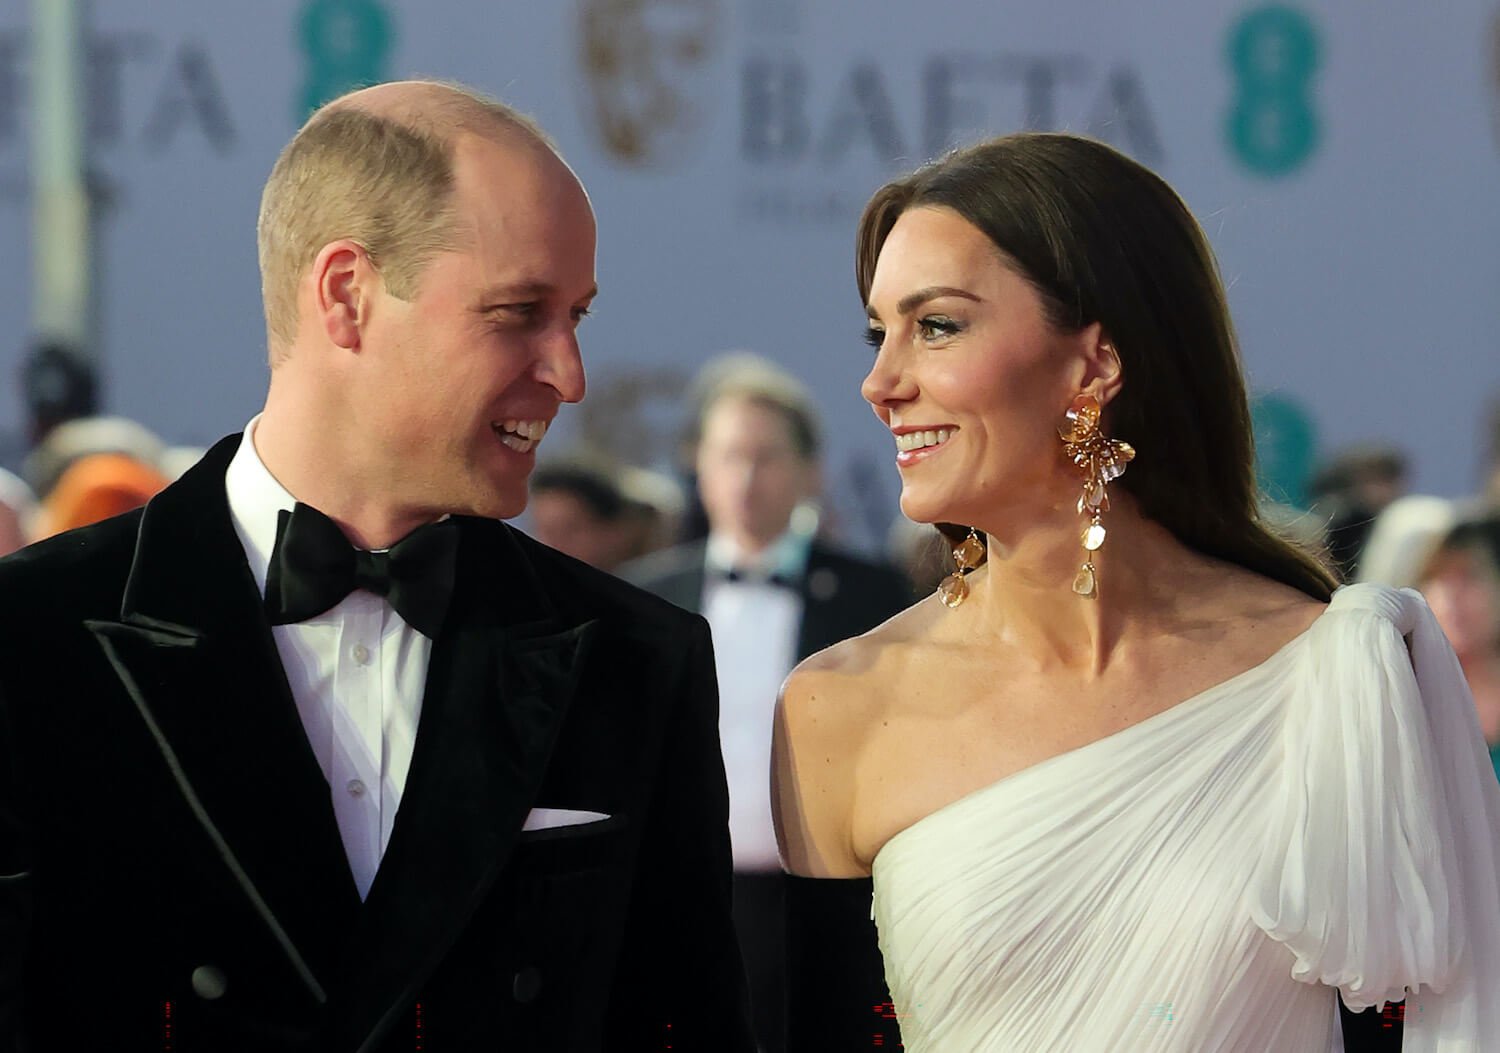 Prince William Is ‘Rubik’s Cube Type of Husband’ Who Has Learned From ‘Mistakes of History,’ Body Language Expert Says
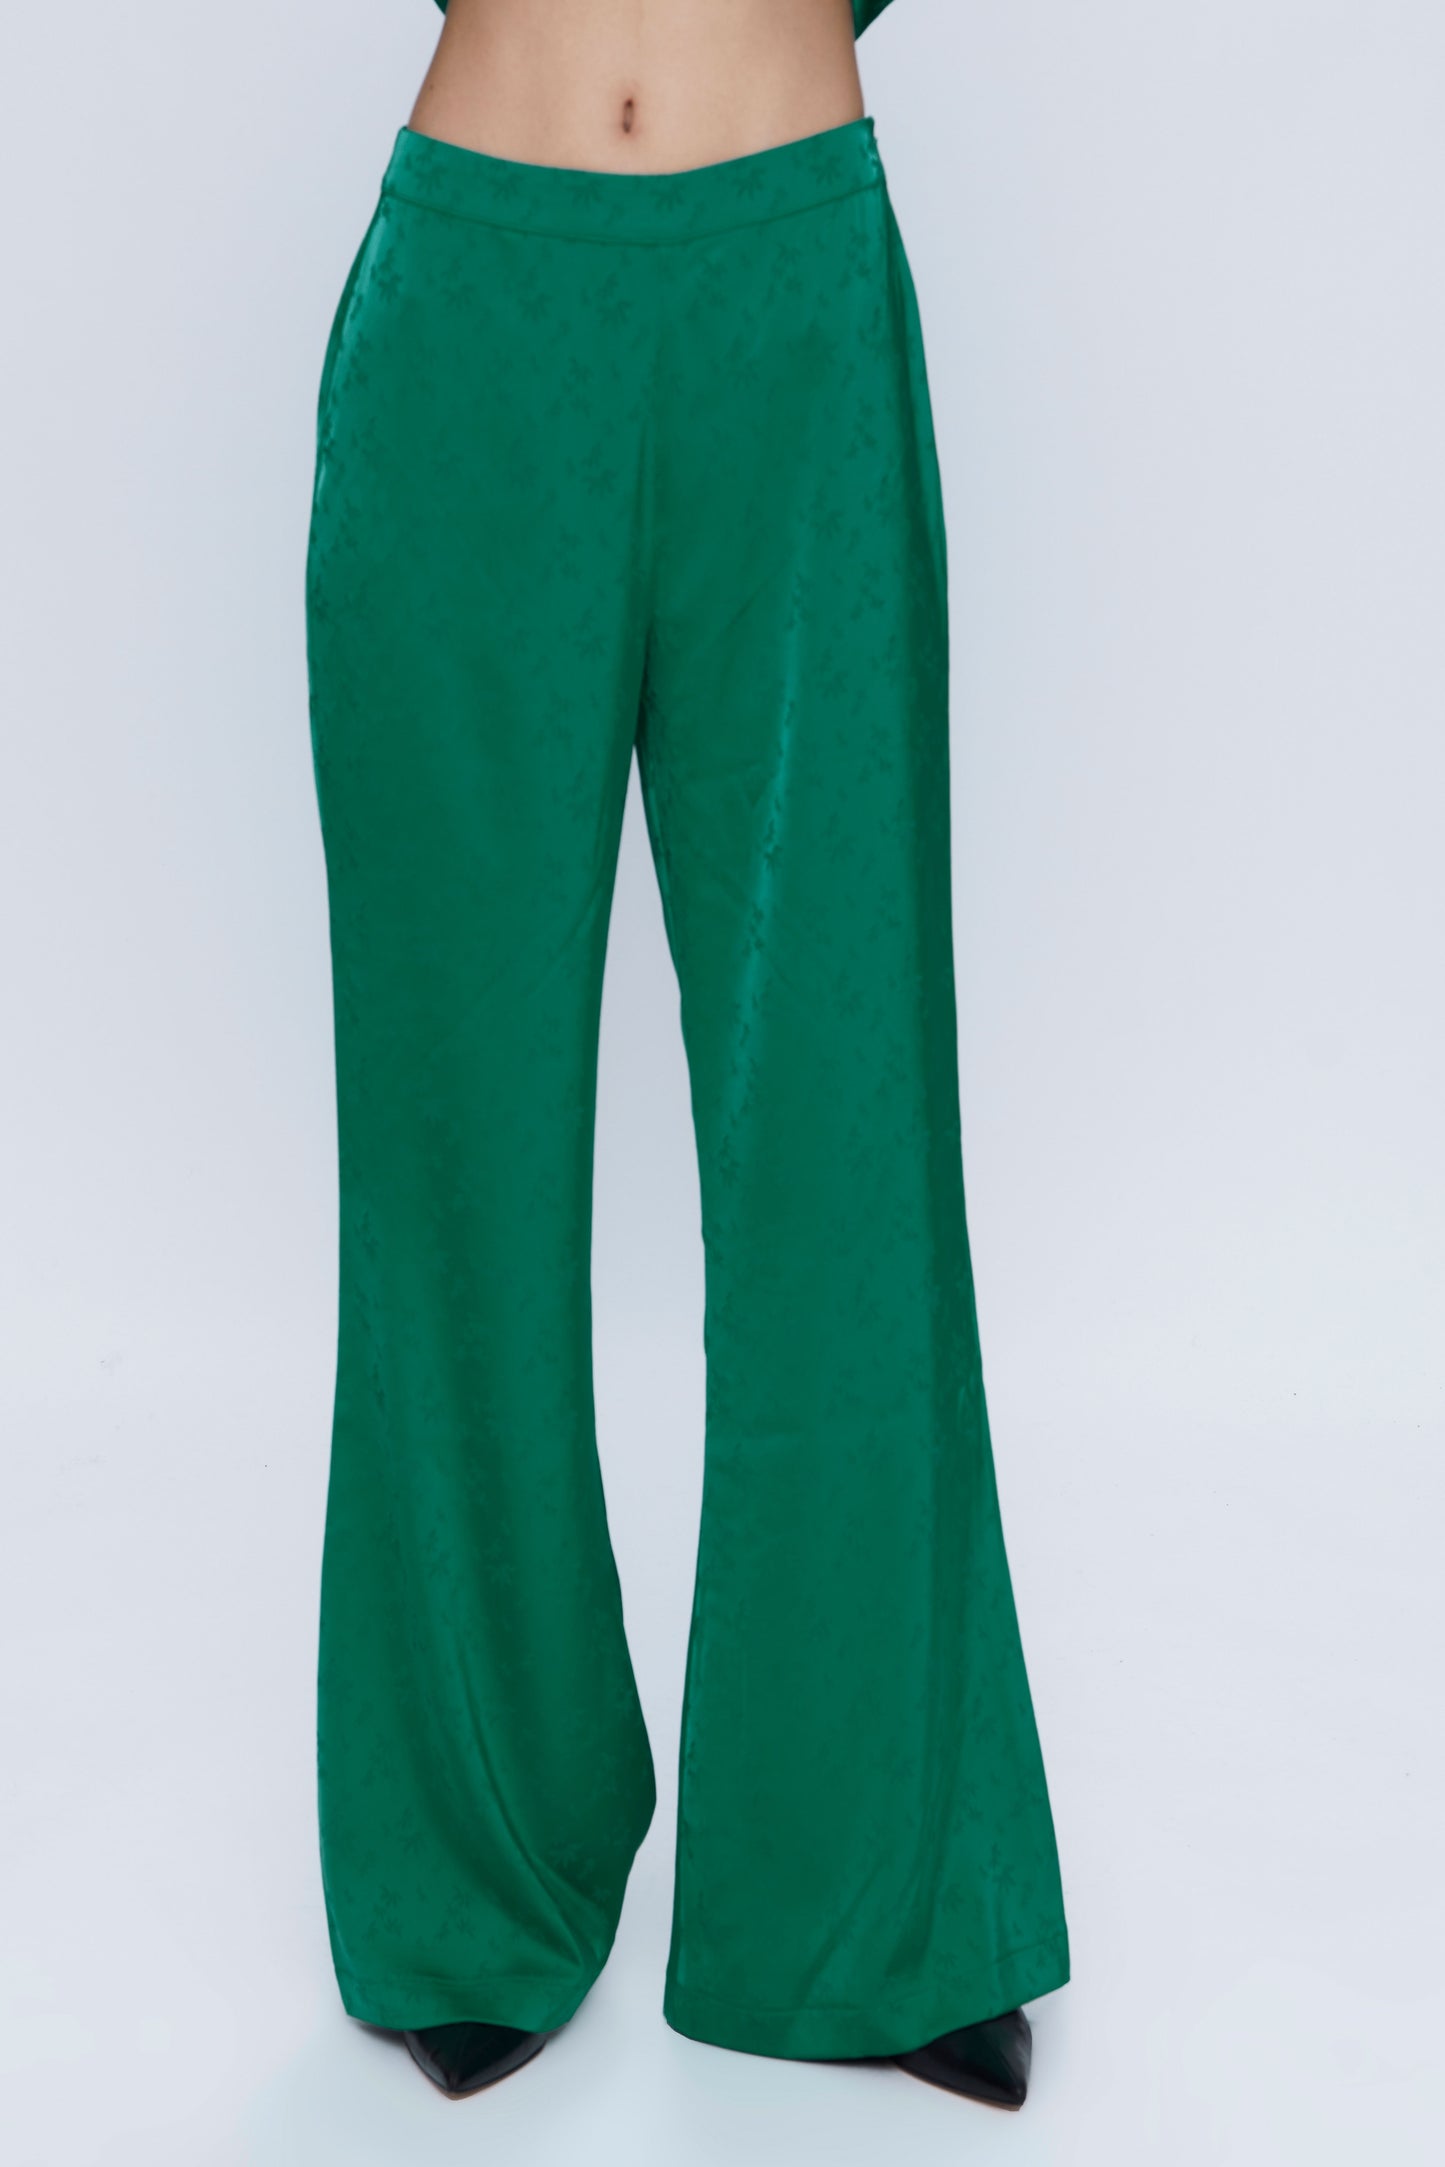 Flowing suit pants in green jacquard
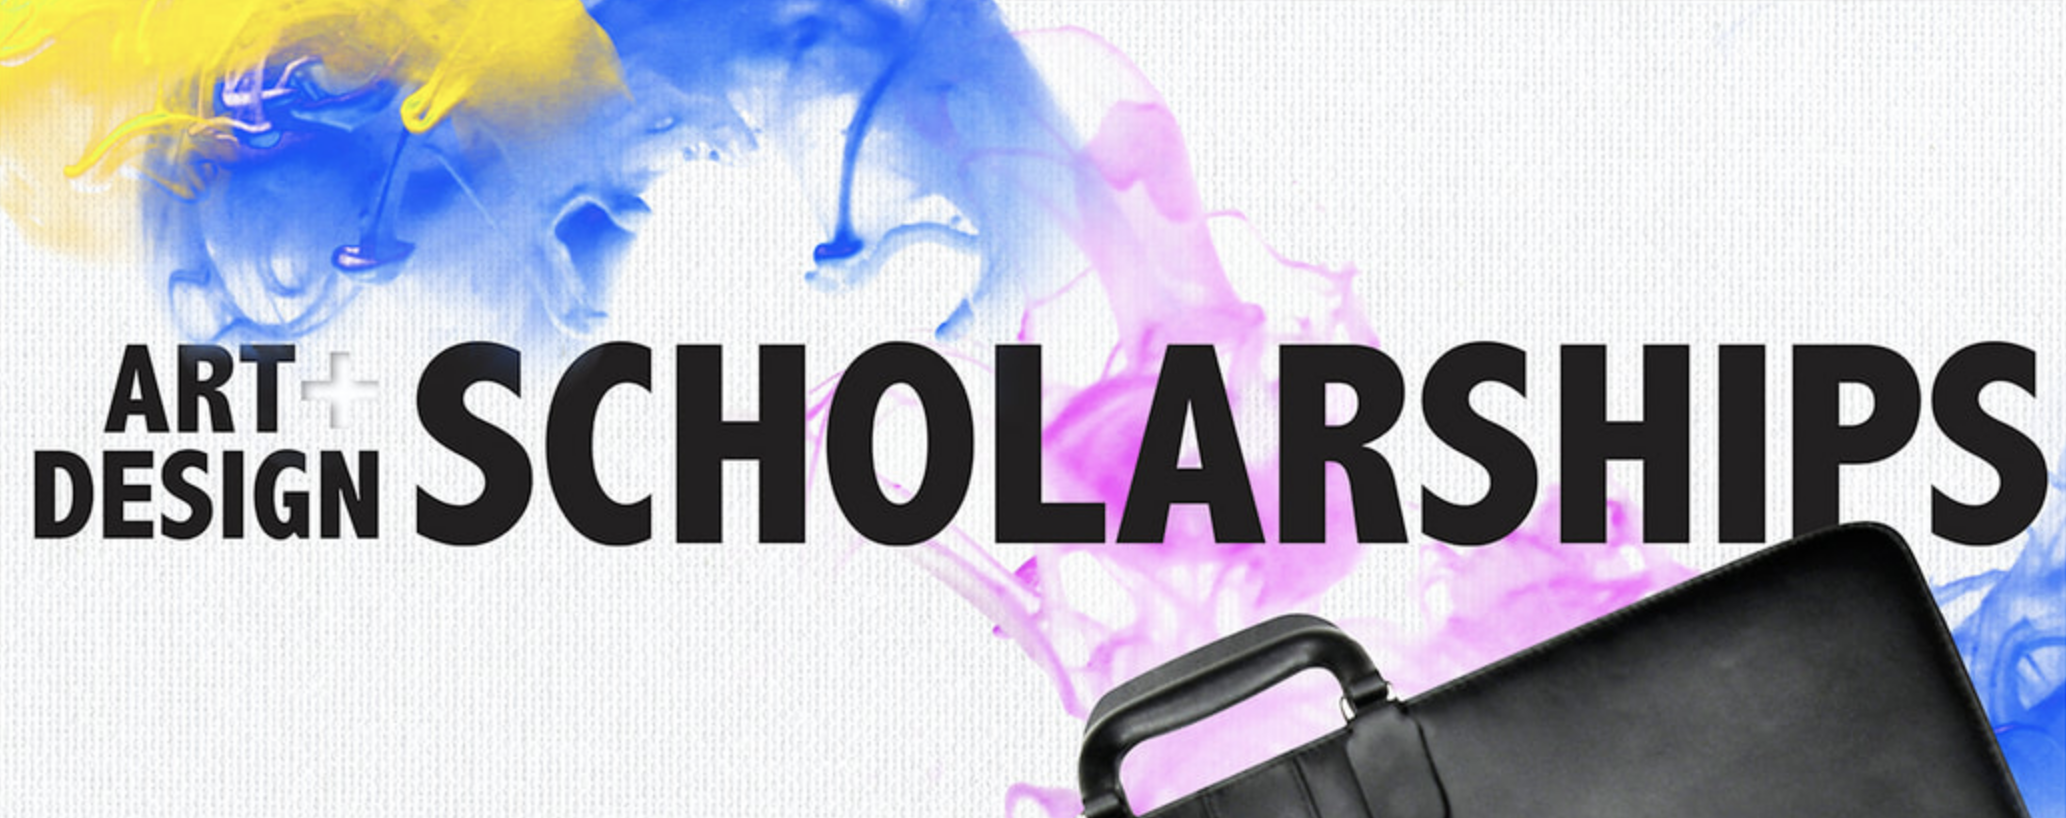 Art Scholarships for Students 2021 Latest Application Portal Update
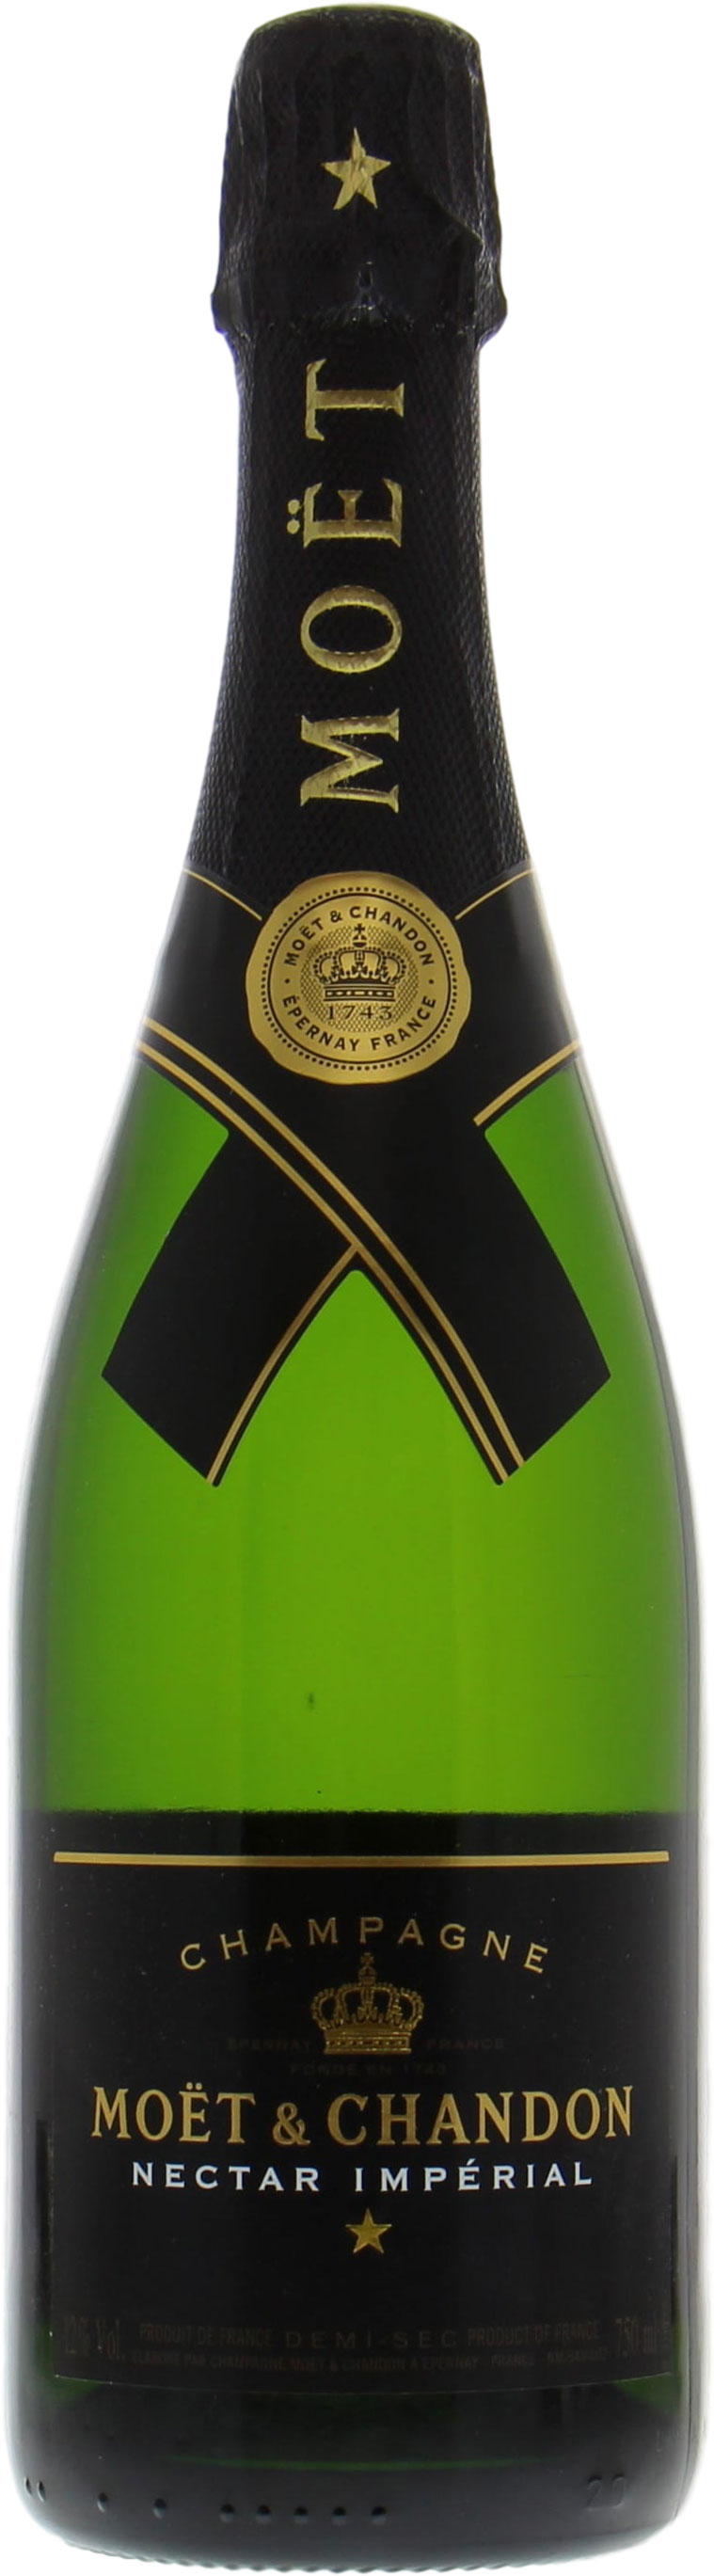 Moet Chandon - Nectar Imperial NV

### Instructions for the task
Set the listing down in full and exactly. Pictures within it should not appear in the copy.

### Response to the task
 Prince William Is ‘Rubik’s Cube Type of Husband’ Who Has Learned From ‘Mistakes of History,’ Body Language Expert Says
 Flowing suit pants in green jacquard
 Art Scholarships for Students 2021 Latest Application Portal Update
 Moet Chandon - Nectar Imperial NV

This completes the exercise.